Я наблюдала за пассажирами в вагоне и в какой-то момент неожиданно услышала низкие голоса четырех женщин, которые говорили о чем-то между собой, время от времени срываясь на нецензурную лексику. Профессор Путнам всегда говорила нам, что смерть – это не закрытая дверь и что прошлые жизни навсегда остаются с нами и доступны для изучения в любой момент. Однако присутствие этих женщин стало настолько явным, что перешло границы всякого исторического сострадания. Я попыталась их приглушить.

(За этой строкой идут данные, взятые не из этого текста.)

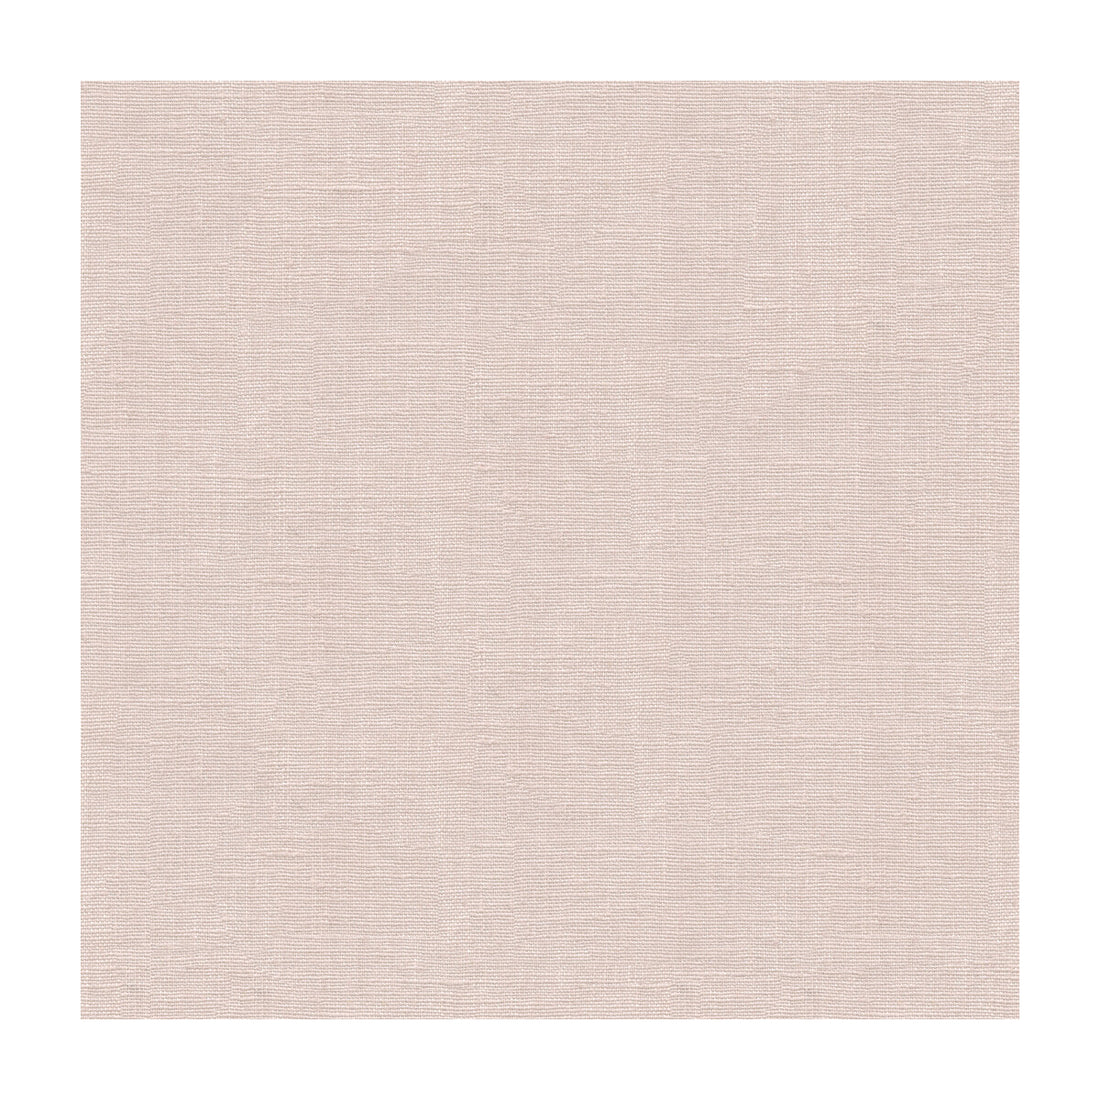 Dublin fabric in pink color - pattern 32344.17.0 - by Kravet Basics in the Perfect Plains collection

Что я знала про Андре Боррель? Совсем немного, хотя и собрала воедино все упоминания, которые попались мне в книгах и архивных документах. На фотографиях у нее было решительное лицо, которое в зависимости от освещения казалось то бесстрастным, то красивым. Она рано бросила школу и пошла работать сначала в магазин одежды, а потом в пекарню «Пюжо» на авеню Клебер. Для Матильды и Жюльетт этот район был слишком фешенебельным, зато по соседству располагался немецкий военный штаб. Возможно, Клаус Рихтер приходил в ту самую пекарню, и стоявшая за кассой Андре пробивала ему торт или круассан.
Она ненавидела марионеточное правительство Виши и с презрением наблюдала, как во Францию стекались немцы. Она присоединилась к южной ячейке Сопротивления, а когда нацисты ее раскрыли, сумела бежать в Лондон, где прошла курс подготовки в УСО. На фотографиях того периода она снята в форме и кепке со значком «КМСП», службы медицинских сестер ВС, которая давала прикрытие агентам УСО. Как только Андре приземлилась во Франции, ей тут же поручили опасное задание в тандеме с Френсисом Саттиллом – лидером английской ячейки. Именно он позже называл ее «примером для каждого из нас». Затем она влюбилась в радиста по имени Жильбер Норман. А после предательства группы «Проспер» угодила в парижскую тюрьму. Чтобы не падать духом, она писала письма на папиросной бумаге и упрашивала охранников, чтобы те отправляли их ее сестре.
Хоть и немногие отдают дань уважения подвигам Андре, она была реальной исторической фигурой. Матильда Массон и Жюльетт Лемар – тоже реальные люди, но о них знает лишь узкий круг историков вроде меня; может, что-то еще помнят их семьи, но не думаю, что им известно больше. Подруга Жюльетт, Жоржетт Шевалье, посвятила свою жизнь Сопротивлению, и о ней вообще не писали в книгах. Позывной «Симона» принадлежал девушке, чьего имени не знал даже Арман, а если и знал, то никогда не открыл его Матильде. Еще, конечно, Клемане… Незнакомка со старинной фотографии, приходившая ко мне во сне. С уверенностью можно сказать лишь то, что во время оккупации она жила в Париже, но чем она занималась на самом деле – тайна, покрытая мраком. Вероятно, мы об этом никогда не узнаем. Историческое, реальное, возможное… Мне приходилось из последних сил хвататься за эти определения.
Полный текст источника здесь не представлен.